**Exercise instructions:** Note every line in the entries that contains the string "Imagen", and copy it.
[Opening Information section]
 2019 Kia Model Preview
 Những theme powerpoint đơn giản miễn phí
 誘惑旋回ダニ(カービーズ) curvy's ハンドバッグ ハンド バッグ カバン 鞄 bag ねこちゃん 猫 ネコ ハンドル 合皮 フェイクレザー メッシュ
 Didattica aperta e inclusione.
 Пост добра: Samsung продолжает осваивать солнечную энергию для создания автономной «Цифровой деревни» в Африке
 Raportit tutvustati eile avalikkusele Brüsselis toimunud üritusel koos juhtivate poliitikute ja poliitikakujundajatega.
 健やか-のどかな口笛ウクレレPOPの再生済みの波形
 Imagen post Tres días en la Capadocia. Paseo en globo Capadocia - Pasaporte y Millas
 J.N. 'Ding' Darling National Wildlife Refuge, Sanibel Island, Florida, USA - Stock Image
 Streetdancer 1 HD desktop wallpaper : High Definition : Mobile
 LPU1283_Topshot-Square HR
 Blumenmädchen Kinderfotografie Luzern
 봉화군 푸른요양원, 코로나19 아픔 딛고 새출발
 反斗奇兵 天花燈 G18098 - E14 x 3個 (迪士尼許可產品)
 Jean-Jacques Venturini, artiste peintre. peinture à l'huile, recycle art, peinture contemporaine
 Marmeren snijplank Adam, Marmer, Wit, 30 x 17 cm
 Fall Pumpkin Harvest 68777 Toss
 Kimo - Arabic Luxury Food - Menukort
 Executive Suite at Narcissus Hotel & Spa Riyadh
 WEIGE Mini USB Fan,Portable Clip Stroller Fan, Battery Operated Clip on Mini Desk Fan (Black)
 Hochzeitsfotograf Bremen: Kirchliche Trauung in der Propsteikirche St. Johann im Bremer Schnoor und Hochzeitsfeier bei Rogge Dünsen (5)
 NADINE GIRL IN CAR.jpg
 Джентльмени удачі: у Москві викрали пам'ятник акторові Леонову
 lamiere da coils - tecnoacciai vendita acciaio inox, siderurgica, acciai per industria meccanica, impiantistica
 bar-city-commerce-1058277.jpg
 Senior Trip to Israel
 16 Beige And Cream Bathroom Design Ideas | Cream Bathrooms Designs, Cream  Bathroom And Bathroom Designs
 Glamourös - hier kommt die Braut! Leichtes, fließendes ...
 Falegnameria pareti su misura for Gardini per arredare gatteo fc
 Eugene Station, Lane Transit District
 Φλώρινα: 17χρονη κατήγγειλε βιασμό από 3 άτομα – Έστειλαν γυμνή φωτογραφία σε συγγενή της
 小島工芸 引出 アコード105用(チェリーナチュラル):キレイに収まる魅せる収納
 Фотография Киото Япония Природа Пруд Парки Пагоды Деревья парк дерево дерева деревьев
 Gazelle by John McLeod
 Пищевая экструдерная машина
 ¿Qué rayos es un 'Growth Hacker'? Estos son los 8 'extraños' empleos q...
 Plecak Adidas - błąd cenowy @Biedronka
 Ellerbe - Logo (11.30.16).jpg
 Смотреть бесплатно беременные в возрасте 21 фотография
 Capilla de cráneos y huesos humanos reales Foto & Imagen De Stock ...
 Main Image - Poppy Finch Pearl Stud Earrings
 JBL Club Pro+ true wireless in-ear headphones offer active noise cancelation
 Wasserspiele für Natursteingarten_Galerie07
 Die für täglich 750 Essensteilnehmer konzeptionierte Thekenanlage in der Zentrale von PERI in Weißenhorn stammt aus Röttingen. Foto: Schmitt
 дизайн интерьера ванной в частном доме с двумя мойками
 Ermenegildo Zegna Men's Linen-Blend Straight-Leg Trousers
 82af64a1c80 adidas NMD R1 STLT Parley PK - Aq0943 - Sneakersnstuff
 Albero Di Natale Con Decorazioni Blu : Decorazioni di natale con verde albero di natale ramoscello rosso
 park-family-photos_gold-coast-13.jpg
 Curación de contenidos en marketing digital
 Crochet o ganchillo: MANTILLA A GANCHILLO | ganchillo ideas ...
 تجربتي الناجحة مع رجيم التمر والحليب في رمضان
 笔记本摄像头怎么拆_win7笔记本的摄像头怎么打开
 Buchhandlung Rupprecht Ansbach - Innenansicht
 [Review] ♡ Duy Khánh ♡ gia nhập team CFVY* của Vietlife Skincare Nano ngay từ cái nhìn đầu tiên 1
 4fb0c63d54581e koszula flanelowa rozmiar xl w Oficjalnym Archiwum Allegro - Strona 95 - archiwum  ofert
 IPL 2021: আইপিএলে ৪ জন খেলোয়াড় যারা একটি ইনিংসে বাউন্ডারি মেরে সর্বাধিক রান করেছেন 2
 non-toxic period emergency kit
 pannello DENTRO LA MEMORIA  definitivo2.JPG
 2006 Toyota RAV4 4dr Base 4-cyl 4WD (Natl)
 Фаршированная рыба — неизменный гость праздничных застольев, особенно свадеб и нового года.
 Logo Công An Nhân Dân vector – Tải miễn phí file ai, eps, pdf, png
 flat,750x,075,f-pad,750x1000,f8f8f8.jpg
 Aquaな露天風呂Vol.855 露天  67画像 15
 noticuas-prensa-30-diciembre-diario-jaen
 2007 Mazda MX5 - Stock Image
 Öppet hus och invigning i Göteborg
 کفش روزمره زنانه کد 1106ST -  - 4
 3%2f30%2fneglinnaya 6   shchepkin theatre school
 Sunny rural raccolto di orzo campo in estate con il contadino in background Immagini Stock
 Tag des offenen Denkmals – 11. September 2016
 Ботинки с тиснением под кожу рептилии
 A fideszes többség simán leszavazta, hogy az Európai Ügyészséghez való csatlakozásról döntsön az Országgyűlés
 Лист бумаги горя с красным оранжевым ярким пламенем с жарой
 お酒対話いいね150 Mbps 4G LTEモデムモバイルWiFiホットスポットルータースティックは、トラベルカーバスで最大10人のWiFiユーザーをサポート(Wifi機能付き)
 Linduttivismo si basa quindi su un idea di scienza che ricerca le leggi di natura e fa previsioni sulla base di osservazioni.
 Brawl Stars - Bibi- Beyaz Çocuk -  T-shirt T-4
[Closing Information section]
**Answer space:**
 Imagen post Tres días en la Capadocia. Paseo en globo Capadocia - Pasaporte y Millas
 Capilla de cráneos y huesos humanos reales Foto & Imagen De Stock ...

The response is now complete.